Recently, Dr Linnoila and his colleagues turned their attention to the genetic underpinnings of alcoholism and other behaviors. He was the driving force behind genetic studies establishing that differences in brain serotonin function in nonhuman primates were highly heritable and, furthermore, that those differences were closely related to alcohol preference and aggression. Translating scientific vision into reality, Dr Linnoila and his colleagues were among the first to explore the effect of the interaction between genes and the environment on behavior in a meaningful way. He and his colleagues found an interacting role for stress and genetic background in alcohol self-administration among M mulatta monkeys.

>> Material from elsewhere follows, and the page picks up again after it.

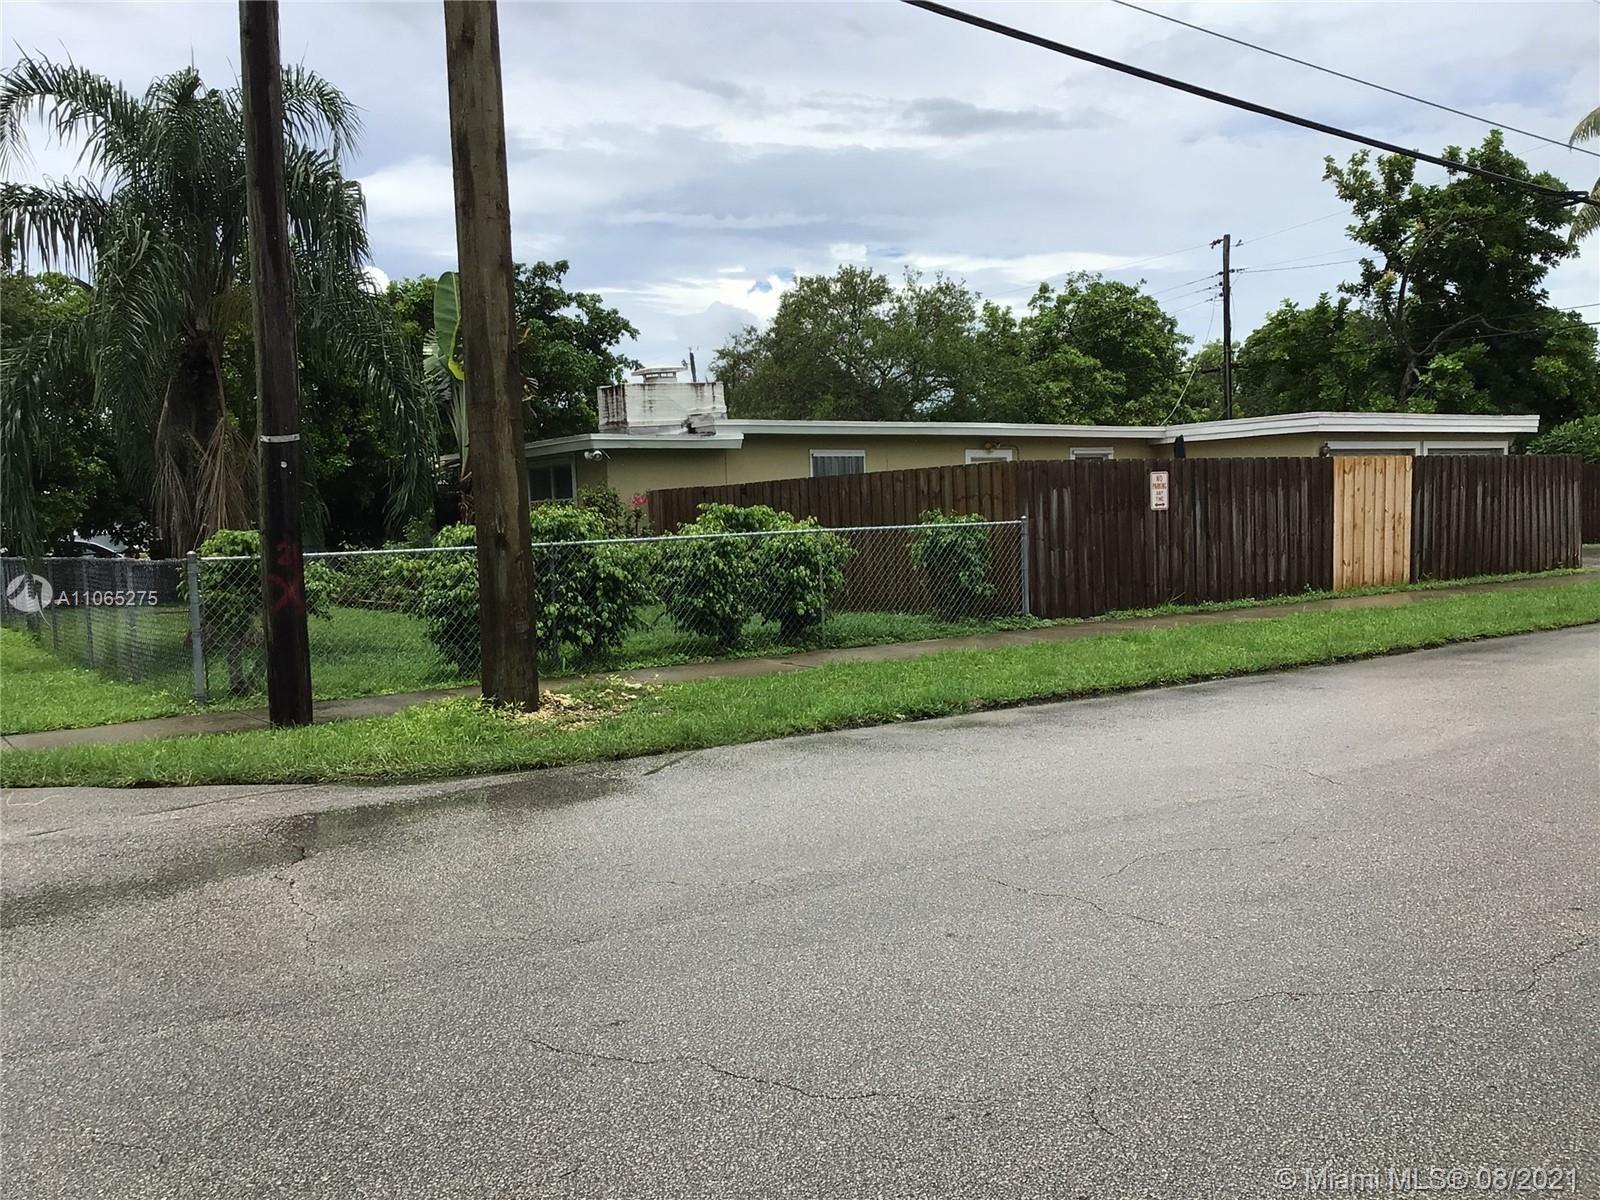 6240 Funston St, Hollywood, FL 33023 - #: A11065275
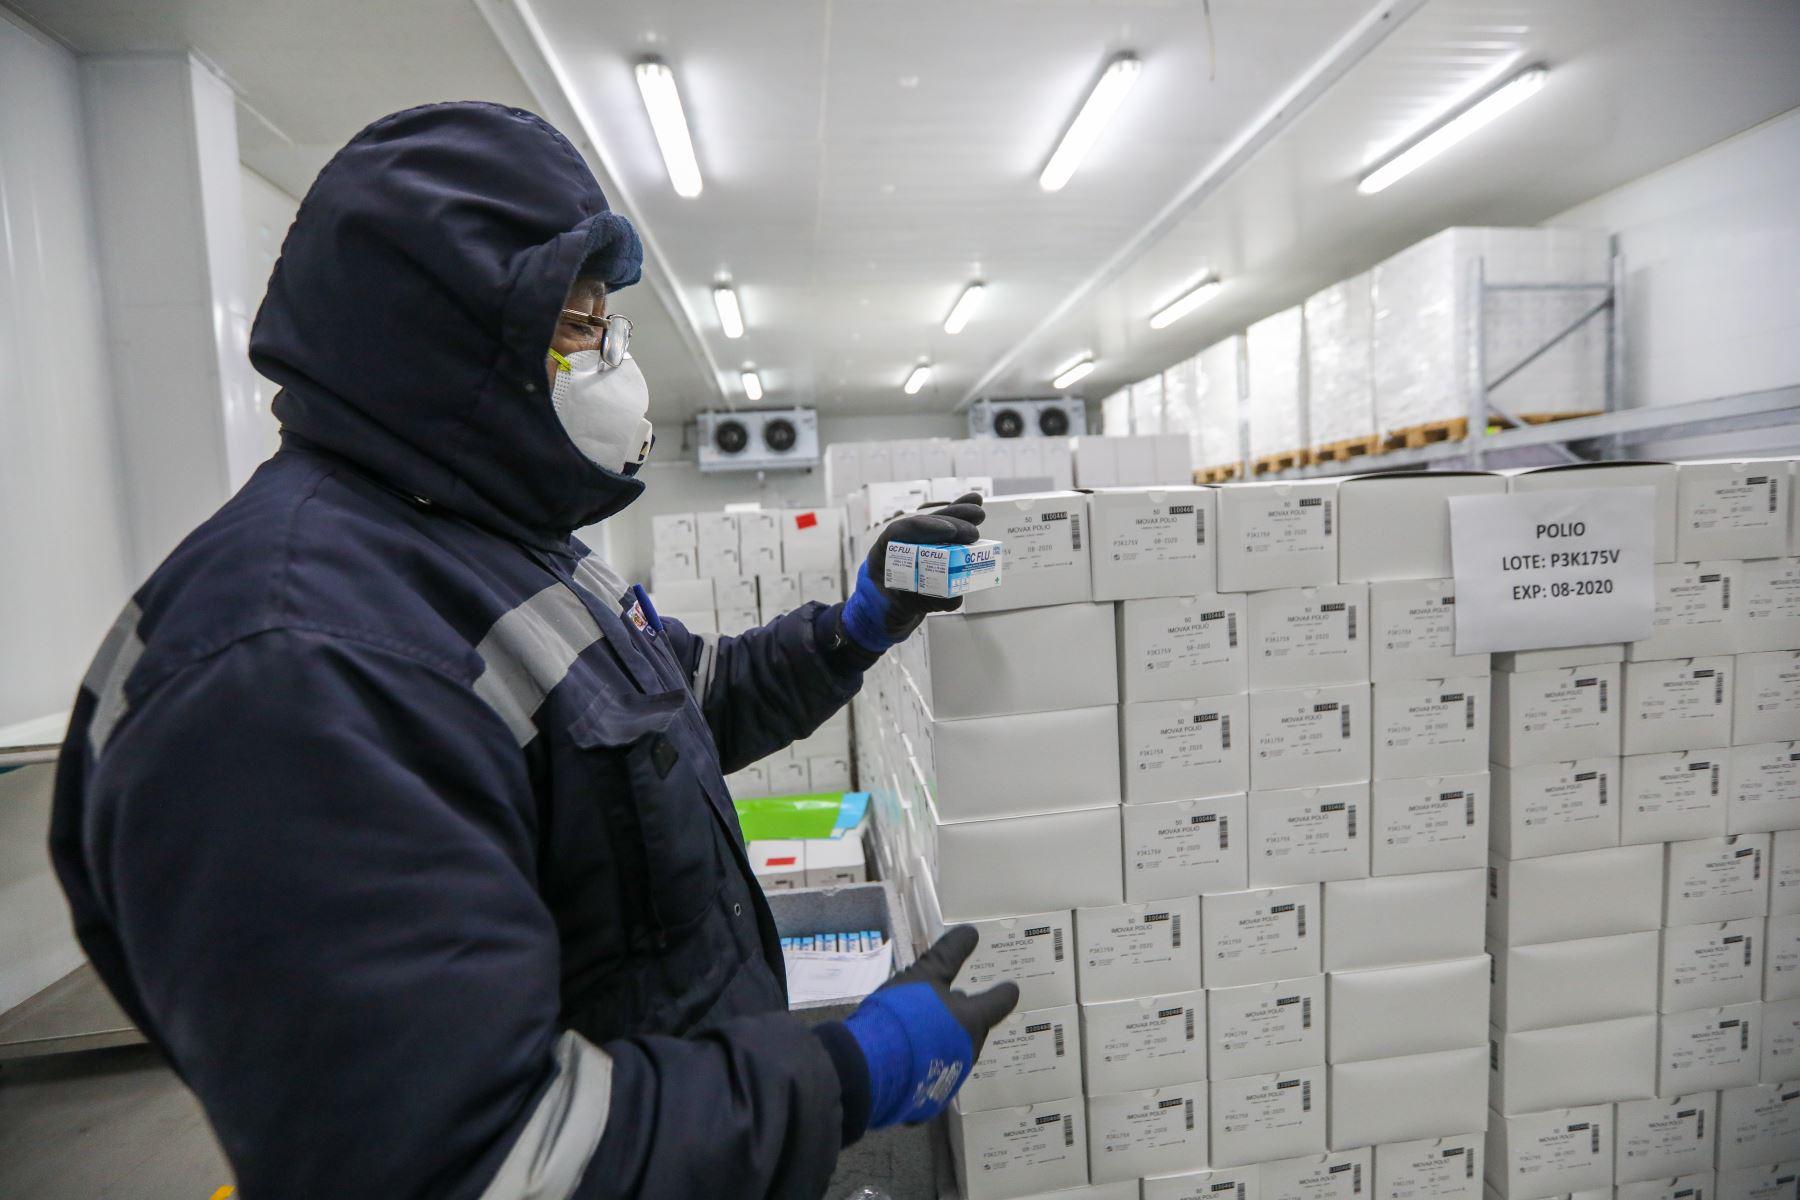 Ministerio de Salud distribuye más de dos millones de vacunas contra la Influenza como protección ante friaje y heladas. Foto: ANDINA/Minsa

Dr Linnoila also correctly interpreted the alcoholism heritability studies for what they are: proof that there are vulnerability genes in humans to be identified. He was a champion of genetic studies of complex behavioral diseases before it was fashionable to be one. He was also one of the first to realize the unique advantages of population isolates for complex diseases. He alternately led and encouraged the first large-scale molecular genetic studies on alcoholism in 2 human isolates in his native Finland and Native Americans. He survived to see the first whole-genome linkage scan in Native Americans completed by Long et al (Am J Med Genet. 1998;81:216-221) and the whole genome scan of the large Finnish genetic sample he developed near its completion. He also had the satisfaction of being proved correct by seeing the vulnerability genes for the behaviors that most interested him actually identified; the identification of the vulnerability genes emerged both from his program and independently from others. For example, the link between aldehyde dehydrogenase 2 and alcoholism was confirmed, and the link between tryptophan hydroxylase and suicide was partially replicated in a study by Nielsen et al in this issue of the ARCHIVES (1998;55:593-602).
Dr Linnoila will be missed both as a tenacious advocate of excellence in psychiatric research and for his extraordinary level of integrity and commitment. Unapologetically forthright and outspoken, he demanded of others the same high level of integrity, scholarship, and rigor. Those who were fortunate to know him well appreciated this quality of honesty because we knew its motives. Although strange, it is true that in many ancient cultures it was the practice to sacrifice kings at their full height of vitality so that their power did not slowly ebb (Frazer J. The Golden Bough. London, England: Oxford University Press; 1994). A brilliant life has been cut short. We hope that we can continue to learn and share the strength of individuals such as Markku Linnoila by reflecting on their lives and that portion of our common experience.